--- Exercise requirements ---
Give back exactly the lines starting at the one with "Car wreck causing" and ending at the last line of the data below. Pictures are not part of the copy.

--- Data provided ---
↓↓↓

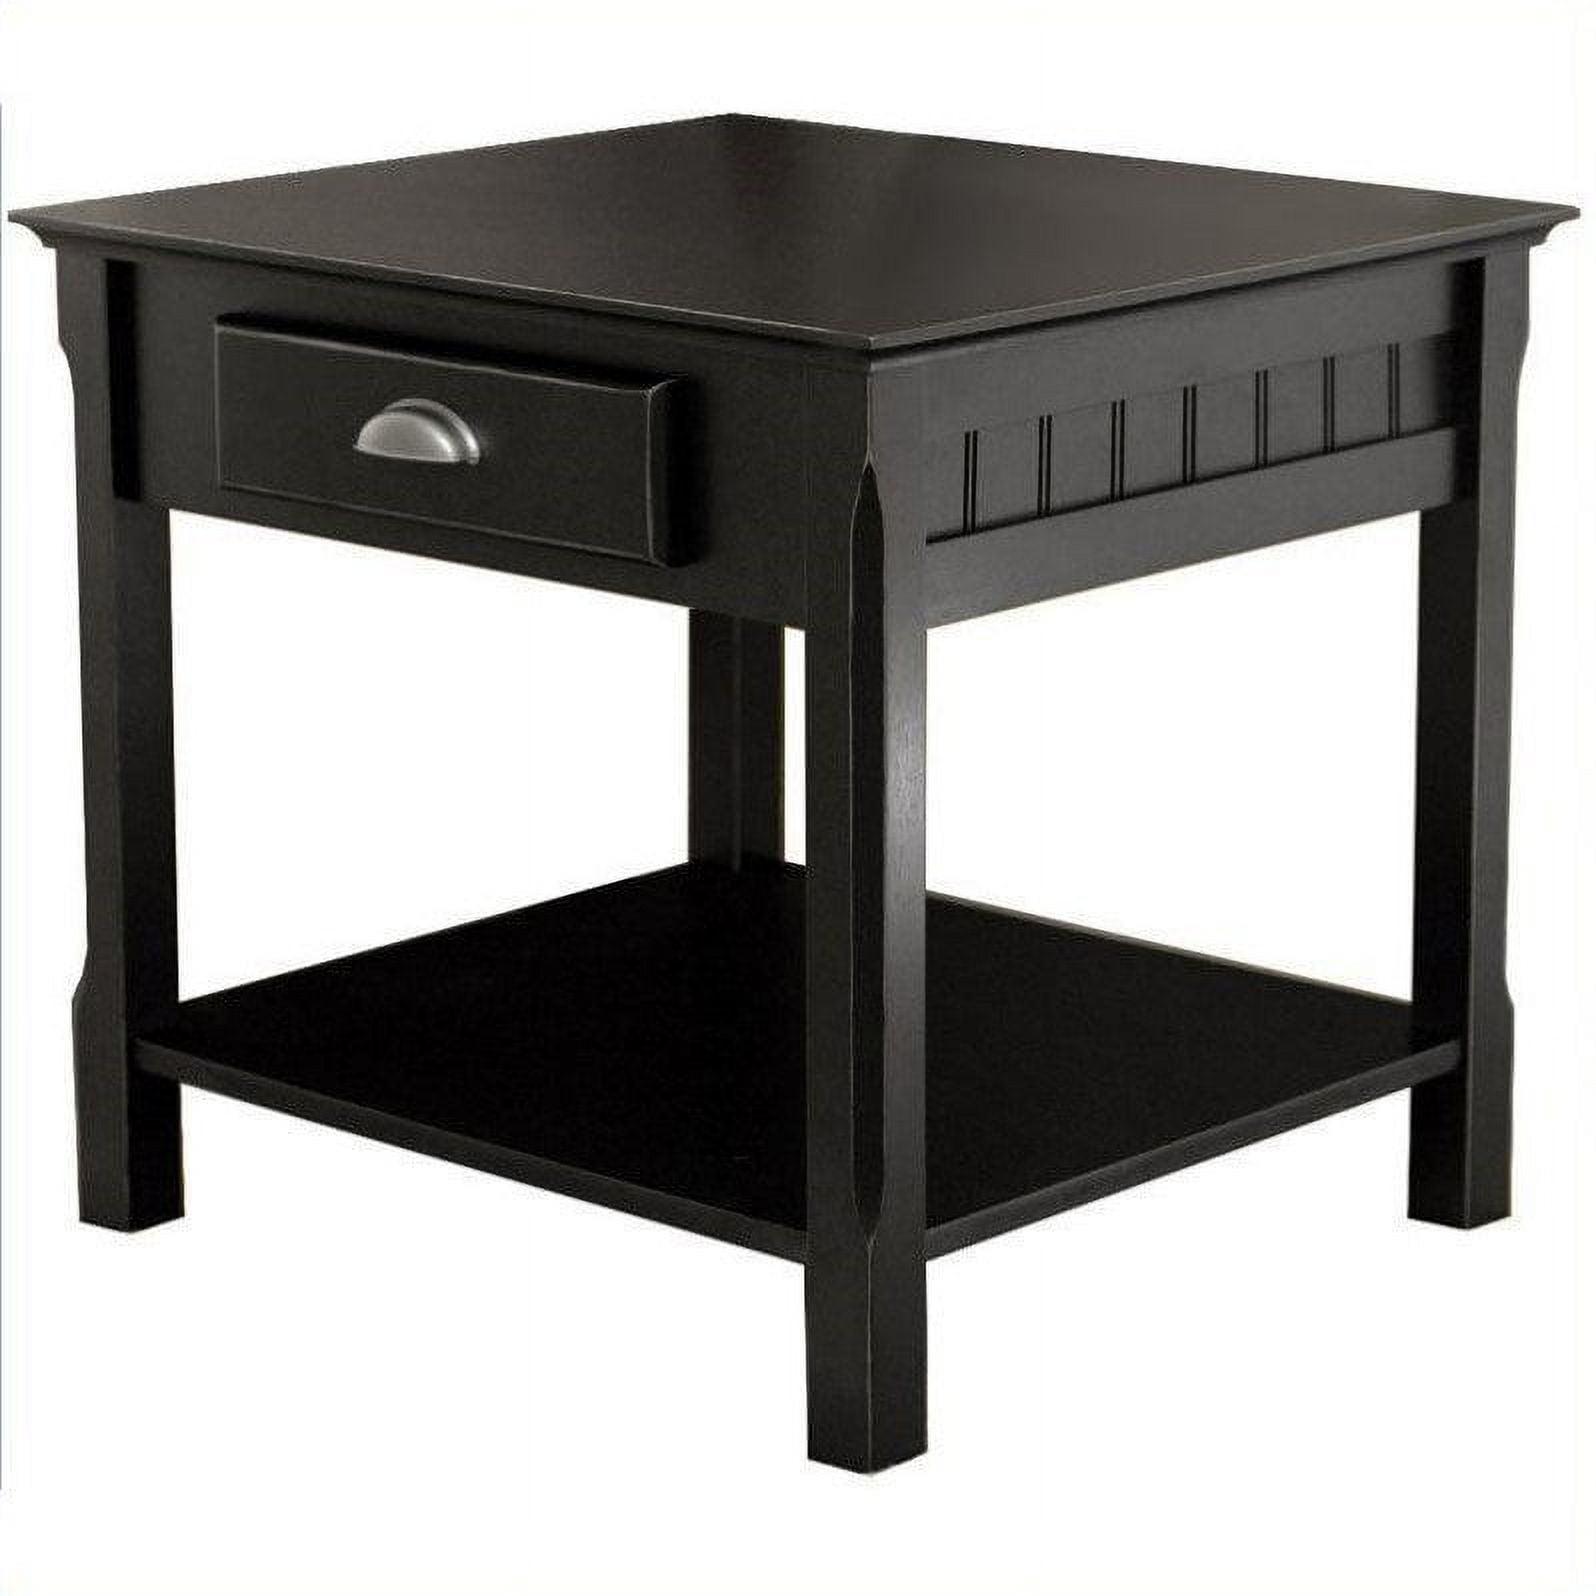 Transitional Timber Black Wood End Table with Drawer and Shelf
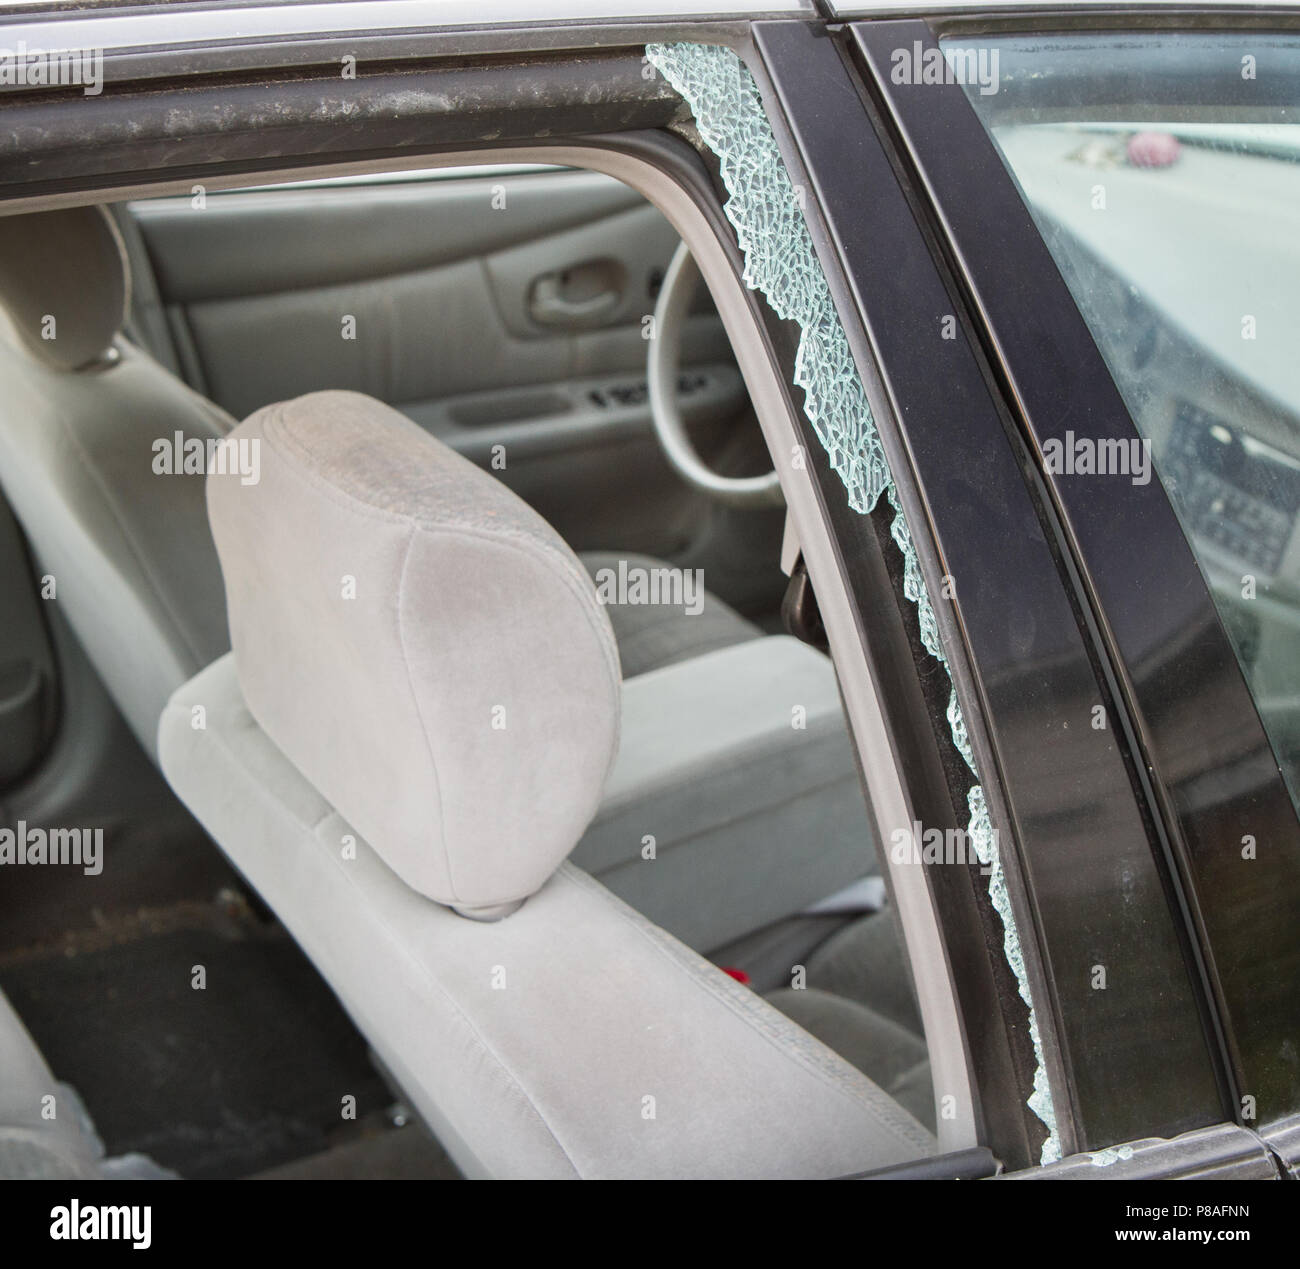 Car wreck causing a broken window. Can show auto safety, insurance industry, or even theft and vandalism Stock Photo
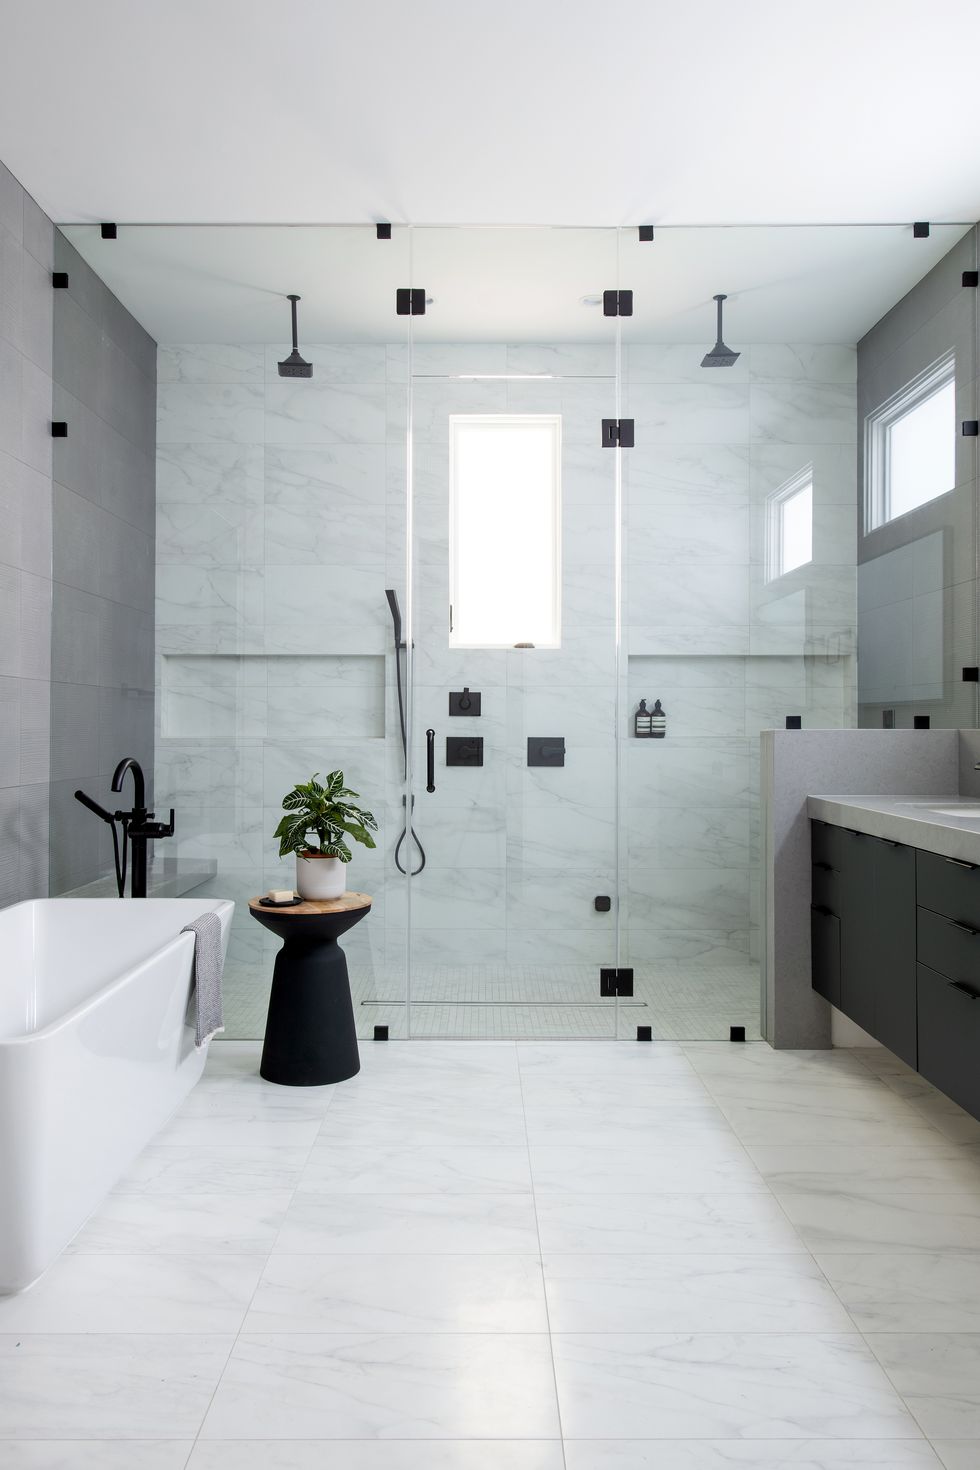 6 Walk-in Shower Remodeling Ideas to Elevate Your Bathroom Design

↑↑↑

--- Result below ---
 Car wreck causing a broken window. Can show auto safety, insurance industry, or even theft and vandalism Stock Photo
 6 Walk-in Shower Remodeling Ideas to Elevate Your Bathroom Design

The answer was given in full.